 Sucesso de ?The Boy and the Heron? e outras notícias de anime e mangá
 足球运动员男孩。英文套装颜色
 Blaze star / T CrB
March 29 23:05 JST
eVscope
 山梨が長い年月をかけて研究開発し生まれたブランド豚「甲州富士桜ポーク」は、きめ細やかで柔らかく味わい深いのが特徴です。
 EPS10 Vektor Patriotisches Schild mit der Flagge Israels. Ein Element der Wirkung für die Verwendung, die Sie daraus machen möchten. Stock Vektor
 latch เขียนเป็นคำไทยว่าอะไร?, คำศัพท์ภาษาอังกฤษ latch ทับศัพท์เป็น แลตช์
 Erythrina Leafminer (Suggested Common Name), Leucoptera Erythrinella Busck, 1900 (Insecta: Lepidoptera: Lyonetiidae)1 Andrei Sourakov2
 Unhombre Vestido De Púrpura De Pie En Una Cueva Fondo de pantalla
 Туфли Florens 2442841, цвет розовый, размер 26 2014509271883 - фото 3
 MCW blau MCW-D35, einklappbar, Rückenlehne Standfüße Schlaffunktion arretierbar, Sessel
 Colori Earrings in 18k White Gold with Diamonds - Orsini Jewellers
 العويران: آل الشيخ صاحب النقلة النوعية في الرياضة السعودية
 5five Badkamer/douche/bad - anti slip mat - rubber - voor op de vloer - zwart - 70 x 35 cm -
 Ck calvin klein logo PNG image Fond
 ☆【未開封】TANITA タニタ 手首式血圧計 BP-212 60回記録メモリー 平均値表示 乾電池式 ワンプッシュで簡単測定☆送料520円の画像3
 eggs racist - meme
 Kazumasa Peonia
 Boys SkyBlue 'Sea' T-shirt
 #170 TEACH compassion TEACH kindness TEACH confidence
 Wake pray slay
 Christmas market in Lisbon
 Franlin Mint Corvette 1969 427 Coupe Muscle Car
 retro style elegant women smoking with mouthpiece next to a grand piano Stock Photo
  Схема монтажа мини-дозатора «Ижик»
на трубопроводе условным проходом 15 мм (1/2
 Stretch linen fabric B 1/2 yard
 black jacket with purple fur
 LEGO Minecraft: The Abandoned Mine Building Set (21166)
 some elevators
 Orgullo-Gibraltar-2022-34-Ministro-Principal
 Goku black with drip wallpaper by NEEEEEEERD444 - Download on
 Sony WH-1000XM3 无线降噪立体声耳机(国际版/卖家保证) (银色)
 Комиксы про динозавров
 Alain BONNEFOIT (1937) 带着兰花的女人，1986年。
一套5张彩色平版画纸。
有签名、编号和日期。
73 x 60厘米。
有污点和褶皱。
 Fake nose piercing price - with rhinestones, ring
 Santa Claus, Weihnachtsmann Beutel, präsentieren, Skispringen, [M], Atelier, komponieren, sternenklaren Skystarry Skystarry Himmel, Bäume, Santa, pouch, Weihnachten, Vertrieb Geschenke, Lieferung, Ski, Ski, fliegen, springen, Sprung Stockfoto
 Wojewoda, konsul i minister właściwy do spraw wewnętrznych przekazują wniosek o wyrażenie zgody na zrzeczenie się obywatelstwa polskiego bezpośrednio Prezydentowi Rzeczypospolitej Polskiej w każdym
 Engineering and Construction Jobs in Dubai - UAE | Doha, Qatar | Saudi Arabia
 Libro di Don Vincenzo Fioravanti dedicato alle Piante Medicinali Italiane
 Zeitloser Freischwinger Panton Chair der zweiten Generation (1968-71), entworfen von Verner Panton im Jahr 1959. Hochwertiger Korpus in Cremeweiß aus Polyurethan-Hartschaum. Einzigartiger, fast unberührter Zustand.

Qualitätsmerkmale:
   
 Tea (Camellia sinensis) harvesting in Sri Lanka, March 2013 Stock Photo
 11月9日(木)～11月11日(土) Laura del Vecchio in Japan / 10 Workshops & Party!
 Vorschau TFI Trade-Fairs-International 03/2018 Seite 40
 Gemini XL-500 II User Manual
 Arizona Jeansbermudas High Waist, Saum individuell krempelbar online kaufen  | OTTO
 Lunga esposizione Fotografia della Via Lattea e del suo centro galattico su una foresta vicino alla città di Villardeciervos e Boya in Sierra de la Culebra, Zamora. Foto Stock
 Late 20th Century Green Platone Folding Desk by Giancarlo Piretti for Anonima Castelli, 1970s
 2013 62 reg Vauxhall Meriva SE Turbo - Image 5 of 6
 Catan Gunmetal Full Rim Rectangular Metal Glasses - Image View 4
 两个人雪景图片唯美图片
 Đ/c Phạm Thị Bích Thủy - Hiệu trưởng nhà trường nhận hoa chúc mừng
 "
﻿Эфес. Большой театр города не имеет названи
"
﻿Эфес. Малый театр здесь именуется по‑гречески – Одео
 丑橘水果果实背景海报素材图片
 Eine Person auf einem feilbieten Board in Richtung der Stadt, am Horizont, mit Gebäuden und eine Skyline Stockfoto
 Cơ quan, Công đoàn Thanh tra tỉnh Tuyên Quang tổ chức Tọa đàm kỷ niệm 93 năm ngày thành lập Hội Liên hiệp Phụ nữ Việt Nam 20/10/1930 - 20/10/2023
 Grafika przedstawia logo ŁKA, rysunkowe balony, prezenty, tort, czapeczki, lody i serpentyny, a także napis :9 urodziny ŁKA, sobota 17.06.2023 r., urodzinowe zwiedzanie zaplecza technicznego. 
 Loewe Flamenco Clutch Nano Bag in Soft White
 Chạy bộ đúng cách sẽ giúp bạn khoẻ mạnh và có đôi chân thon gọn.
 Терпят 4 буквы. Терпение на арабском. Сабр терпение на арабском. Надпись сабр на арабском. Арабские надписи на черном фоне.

** Your assignment **
The answer must reproduce all of the entries exactly.

** Written response **
 Sucesso de ?The Boy and the Heron? e outras notícias de anime e mangá
 足球运动员男孩。英文套装颜色
 Blaze star / T CrB
March 29 23:05 JST
eVscope
 山梨が長い年月をかけて研究開発し生まれたブランド豚「甲州富士桜ポーク」は、きめ細やかで柔らかく味わい深いのが特徴です。
 EPS10 Vektor Patriotisches Schild mit der Flagge Israels. Ein Element der Wirkung für die Verwendung, die Sie daraus machen möchten. Stock Vektor
 latch เขียนเป็นคำไทยว่าอะไร?, คำศัพท์ภาษาอังกฤษ latch ทับศัพท์เป็น แลตช์
 Erythrina Leafminer (Suggested Common Name), Leucoptera Erythrinella Busck, 1900 (Insecta: Lepidoptera: Lyonetiidae)1 Andrei Sourakov2
 Unhombre Vestido De Púrpura De Pie En Una Cueva Fondo de pantalla
 Туфли Florens 2442841, цвет розовый, размер 26 2014509271883 - фото 3
 MCW blau MCW-D35, einklappbar, Rückenlehne Standfüße Schlaffunktion arretierbar, Sessel
 Colori Earrings in 18k White Gold with Diamonds - Orsini Jewellers
 العويران: آل الشيخ صاحب النقلة النوعية في الرياضة السعودية
 5five Badkamer/douche/bad - anti slip mat - rubber - voor op de vloer - zwart - 70 x 35 cm -
 Ck calvin klein logo PNG image Fond
 ☆【未開封】TANITA タニタ 手首式血圧計 BP-212 60回記録メモリー 平均値表示 乾電池式 ワンプッシュで簡単測定☆送料520円の画像3
 eggs racist - meme
 Kazumasa Peonia
 Boys SkyBlue 'Sea' T-shirt
 #170 TEACH compassion TEACH kindness TEACH confidence
 Wake pray slay
 Christmas market in Lisbon
 Franlin Mint Corvette 1969 427 Coupe Muscle Car
 retro style elegant women smoking with mouthpiece next to a grand piano Stock Photo
  Схема монтажа мини-дозатора «Ижик»
на трубопроводе условным проходом 15 мм (1/2
 Stretch linen fabric B 1/2 yard
 black jacket with purple fur
 LEGO Minecraft: The Abandoned Mine Building Set (21166)
 some elevators
 Orgullo-Gibraltar-2022-34-Ministro-Principal
 Goku black with drip wallpaper by NEEEEEEERD444 - Download on
 Sony WH-1000XM3 无线降噪立体声耳机(国际版/卖家保证) (银色)
 Комиксы про динозавров
 Alain BONNEFOIT (1937) 带着兰花的女人，1986年。
一套5张彩色平版画纸。
有签名、编号和日期。
73 x 60厘米。
有污点和褶皱。
 Fake nose piercing price - with rhinestones, ring
 Santa Claus, Weihnachtsmann Beutel, präsentieren, Skispringen, [M], Atelier, komponieren, sternenklaren Skystarry Skystarry Himmel, Bäume, Santa, pouch, Weihnachten, Vertrieb Geschenke, Lieferung, Ski, Ski, fliegen, springen, Sprung Stockfoto
 Wojewoda, konsul i minister właściwy do spraw wewnętrznych przekazują wniosek o wyrażenie zgody na zrzeczenie się obywatelstwa polskiego bezpośrednio Prezydentowi Rzeczypospolitej Polskiej w każdym
 Engineering and Construction Jobs in Dubai - UAE | Doha, Qatar | Saudi Arabia
 Libro di Don Vincenzo Fioravanti dedicato alle Piante Medicinali Italiane
 Zeitloser Freischwinger Panton Chair der zweiten Generation (1968-71), entworfen von Verner Panton im Jahr 1959. Hochwertiger Korpus in Cremeweiß aus Polyurethan-Hartschaum. Einzigartiger, fast unberührter Zustand.

Qualitätsmerkmale:
   
 Tea (Camellia sinensis) harvesting in Sri Lanka, March 2013 Stock Photo
 11月9日(木)～11月11日(土) Laura del Vecchio in Japan / 10 Workshops & Party!
 Vorschau TFI Trade-Fairs-International 03/2018 Seite 40
 Gemini XL-500 II User Manual
 Arizona Jeansbermudas High Waist, Saum individuell krempelbar online kaufen  | OTTO
 Lunga esposizione Fotografia della Via Lattea e del suo centro galattico su una foresta vicino alla città di Villardeciervos e Boya in Sierra de la Culebra, Zamora. Foto Stock
 Late 20th Century Green Platone Folding Desk by Giancarlo Piretti for Anonima Castelli, 1970s
 2013 62 reg Vauxhall Meriva SE Turbo - Image 5 of 6
 Catan Gunmetal Full Rim Rectangular Metal Glasses - Image View 4
 两个人雪景图片唯美图片
 Đ/c Phạm Thị Bích Thủy - Hiệu trưởng nhà trường nhận hoa chúc mừng
 "
﻿Эфес. Большой театр города не имеет названи
"
﻿Эфес. Малый театр здесь именуется по‑гречески – Одео
 丑橘水果果实背景海报素材图片
 Eine Person auf einem feilbieten Board in Richtung der Stadt, am Horizont, mit Gebäuden und eine Skyline Stockfoto
 Cơ quan, Công đoàn Thanh tra tỉnh Tuyên Quang tổ chức Tọa đàm kỷ niệm 93 năm ngày thành lập Hội Liên hiệp Phụ nữ Việt Nam 20/10/1930 - 20/10/2023
 Grafika przedstawia logo ŁKA, rysunkowe balony, prezenty, tort, czapeczki, lody i serpentyny, a także napis :9 urodziny ŁKA, sobota 17.06.2023 r., urodzinowe zwiedzanie zaplecza technicznego. 
 Loewe Flamenco Clutch Nano Bag in Soft White
 Chạy bộ đúng cách sẽ giúp bạn khoẻ mạnh và có đôi chân thon gọn.
 Терпят 4 буквы. Терпение на арабском. Сабр терпение на арабском. Надпись сабр на арабском. Арабские надписи на черном фоне.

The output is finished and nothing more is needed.